3. Carta di Noto III (2011): pur non avendo valore precettivo (Cass. pen. 15930/2013 – A.G. ) riteniamo sia un riferimento utile per garantire l’attendibilità dei risultati, in linea con i principi che ne hanno ispirato la stesura e la revisione. Registrare o videoregistrare un incontro, ottenere un verbale condiviso di quanto accaduto, infatti, consente di trasformare dati soggettivi in elementi oggettivi su cui è possibile anche effettuare valutazioni statistiche quantitative, o valutazioni disgiunte di più osservatori, mentre dati soggettivi restano in un’area di indiscutibilità e non falsificabilità.

4. L’importanza dell’interazione
Non possiamo pensare al bambino come pagina bianca che viene modellata dalle sue esperienze di vita, specie con la madre. Piuttosto egli, così come i genitori, sono immersi in contesti familiari in cui sono protagonisti attivi di una relazione che si va costruendo giorno dopo giorno.
Quindi, senza nulla togliere alla relazione madre-figlio, lo sviluppo di un bambino non può certo prescindere da una relazione concreta e significativa anche del padre col figlio e dei nonni.
Ciò a maggior ragione quando parliamo dei figli di separati, per cui è caduto il modello della famiglia nucleare, mentre un modello di famiglia allargata potrebbe essere certamente il modello a maggior garanzia di tenuta.

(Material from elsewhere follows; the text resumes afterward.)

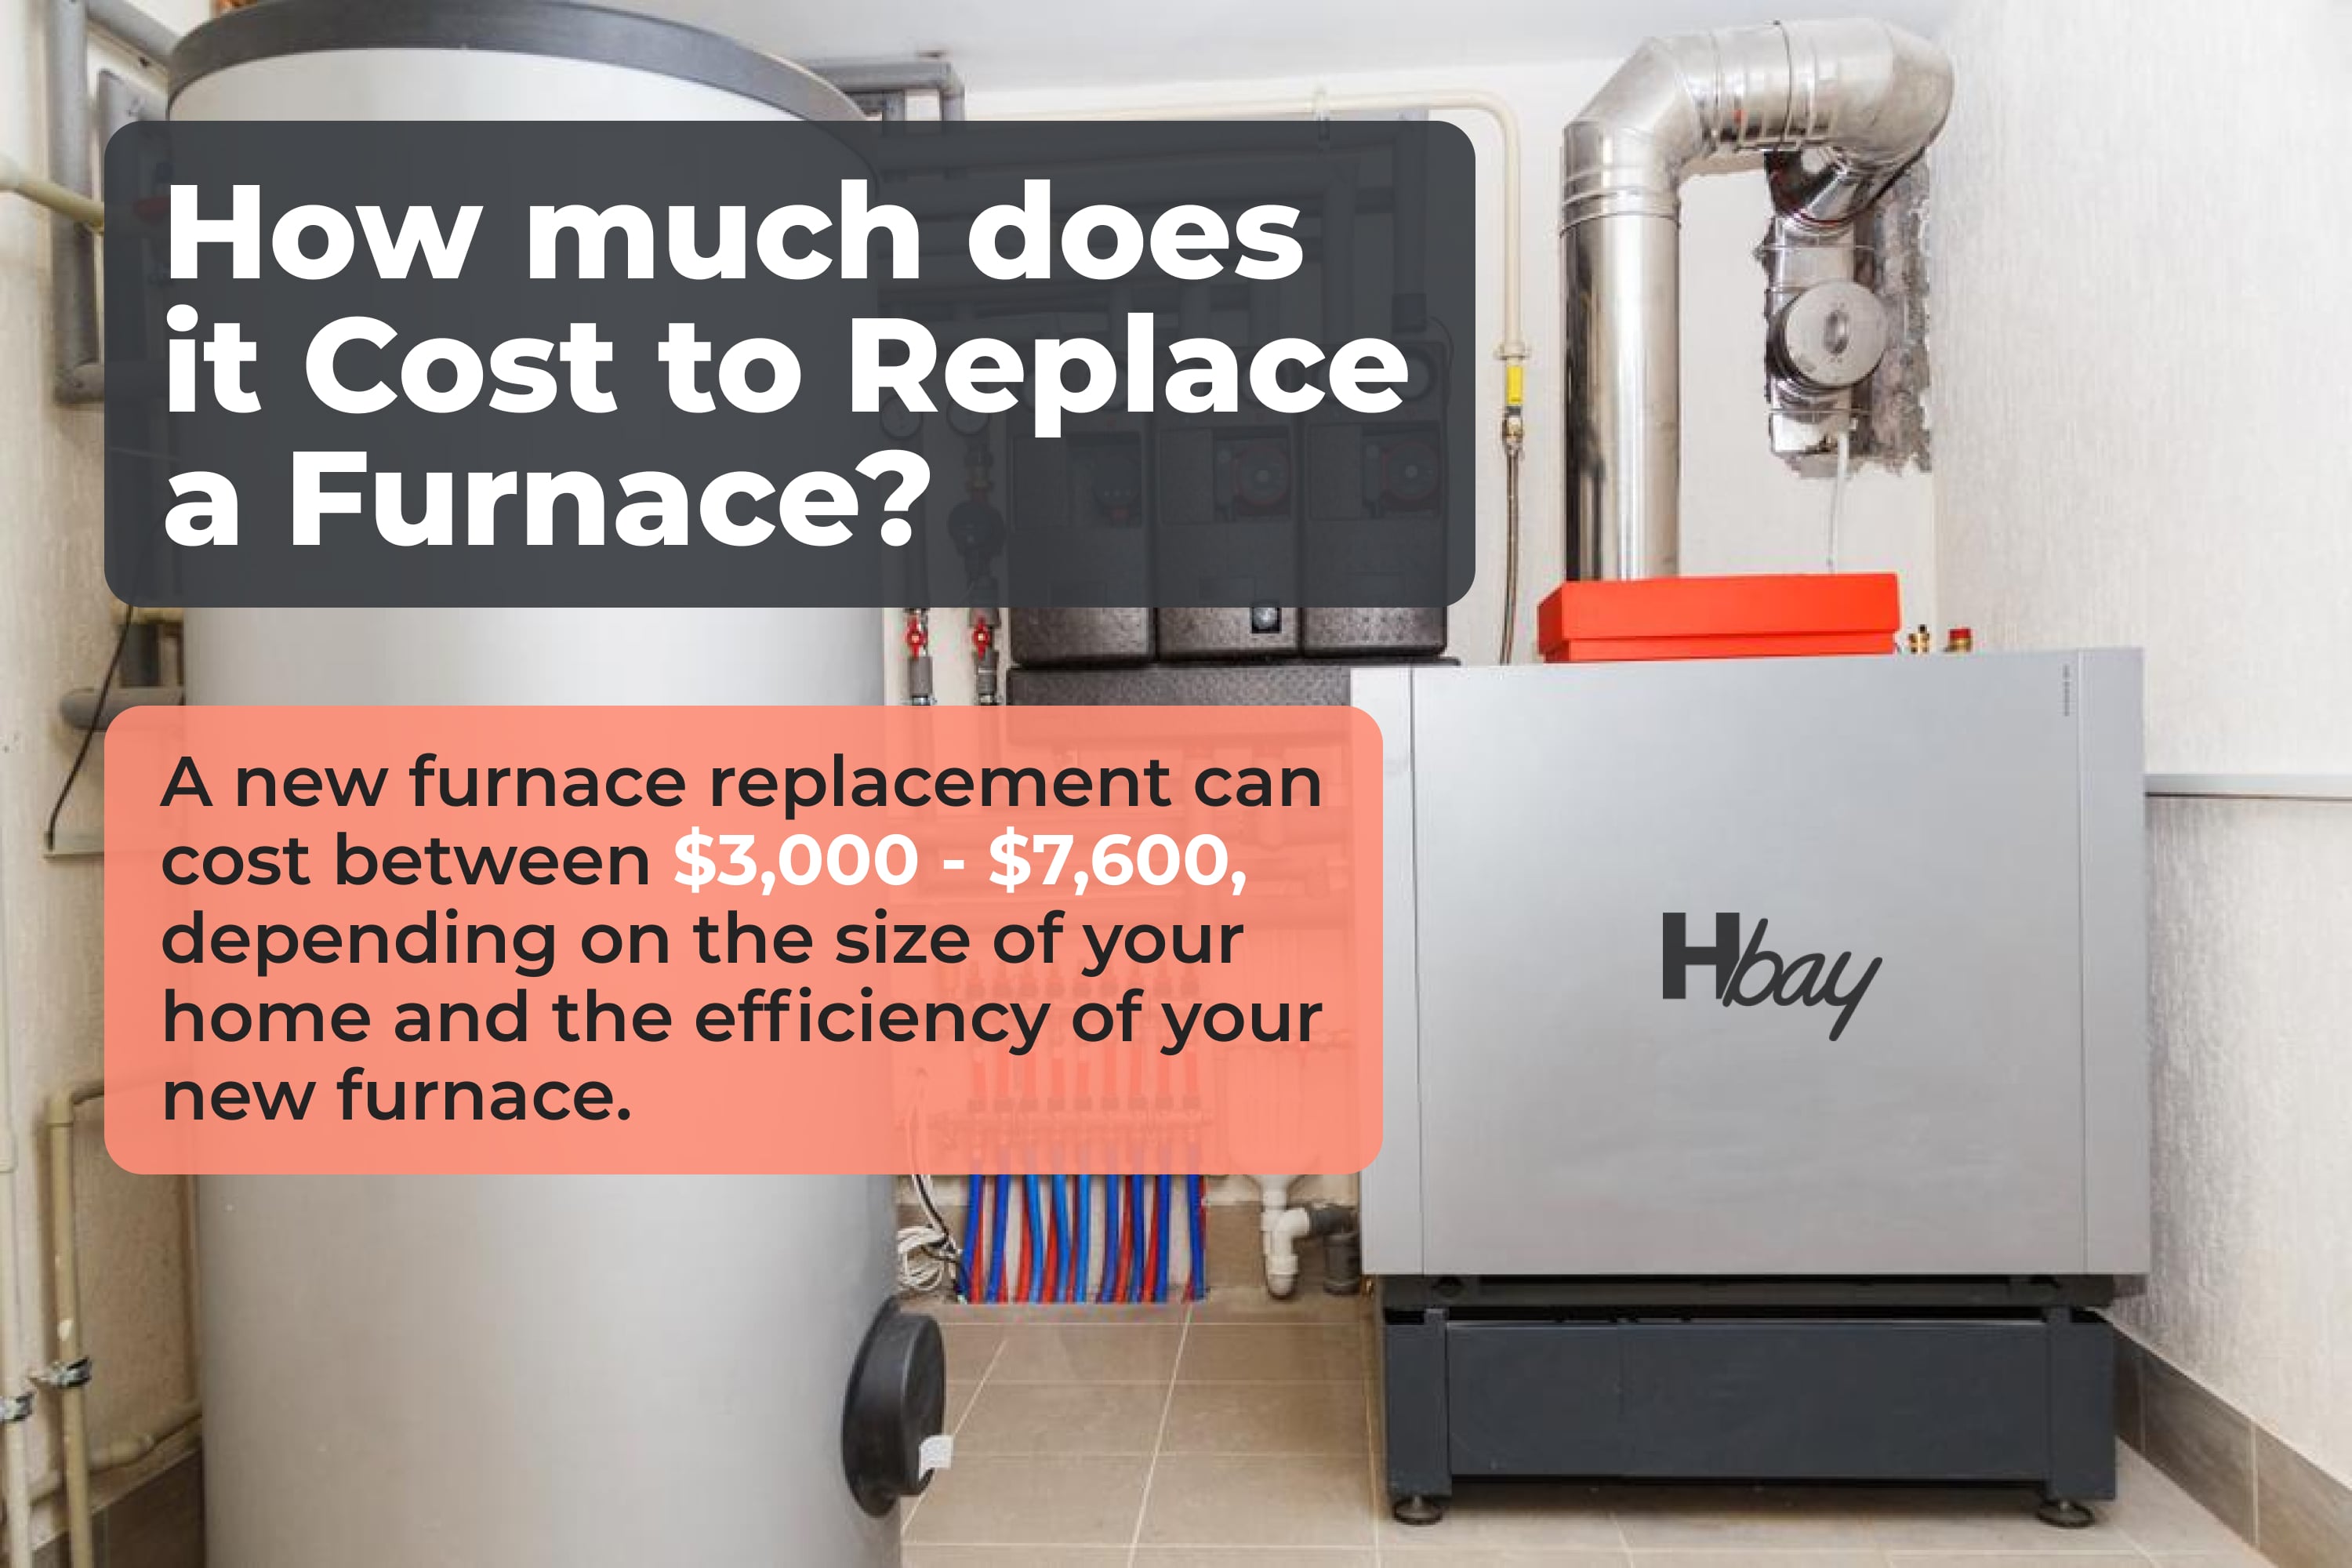 How much does it cost to replace a furnace

5. I criteri di valutazione della genitorialità
Come indicato dalla comunità scientifica (vedasi ad esempio “Buone Pratiche per la valutazione della genitorialità: raccomandazioni per gli psicologi”, a cura dell’Ordine degli Psicologi della Regione Emilia-Romagna, Ed. Pendragon, Bologna 2009) è importante utilizzare criteri di valutazione che possono consentire un maggior rigore e un minor condizionamento dello psicologo da fattori esterni quali la manipolazione, la seduttività o la suggestione messa in atto da una delle parti. Per tali ragioni è raccomandabile l’uso di una batteria di tests.

6. Rispetto alla genitorialità, in particolare, consideriamo il criterio del cosiddetto “genitore psicologico”, o in altri termini della qualità della relazione genitore/figlio (Freud A et al. “Beyond the best interest of child”, The80 Free Press, Londra, 1973; Bowlby J. “Una base sicura”, Raffaello Cortina Editore, Milano, 1988; Ainsworth M.D.S. “Patterns of attacchament: a psichological study of Strange Situation”, Hillsdale, NJ, Erlbaum, 1985; Crittenden P. “Nuove prospettive sull’attaccamento. Teoria e pratica in famiglie ad alto rischio” Guerini editore, Milano, 1994).
Prestiamo inoltre attenzione al criterio del desiderio autentico del minore (Dell’Antonio A. “Ascoltare il minore”, Giuffrè ed., Torino, 1990), che a volte viene confuso da quel processo che chiamiamo identificazione con l’aggressore.

7. Il linguaggio.
Non sempre il linguaggio psicologico-giuridico che viene usato in sede peritale è adeguato per descrivere la situazione relazionale-affettiva delle persone coinvolte.
Quando un genitore si trova a concordare regole o a prendere decisioni in una situazione che non è solo conflittuale ma anche confusiva a causa delle problematiche psico-patologiche misconosciute dell’uno, non possiamo più semplicemente parlare di separazione conflittuale.

Quando un genitore vive una situazione in cui si trova a fare il genitore in solitudine, con l’altro genitore assente e comunque lontano cui spesso è chiamato a sopperire, mentre l’altro genitore ha dimostrato più volte di essere persona in difficoltà, con una problematica psicopatologica a volte riconosciuta, a volte no, nella condizione di dover essere aiutato e di non riconoscere di aver bisogno di aiuto, allora non possiamo più parlare semplicisticamente di separazione conflittuale.

Il non chiamare processi e problemi col loro nome, inevitabilmente innesca problematiche che complessificano il problema relazionale anziché ridurlo.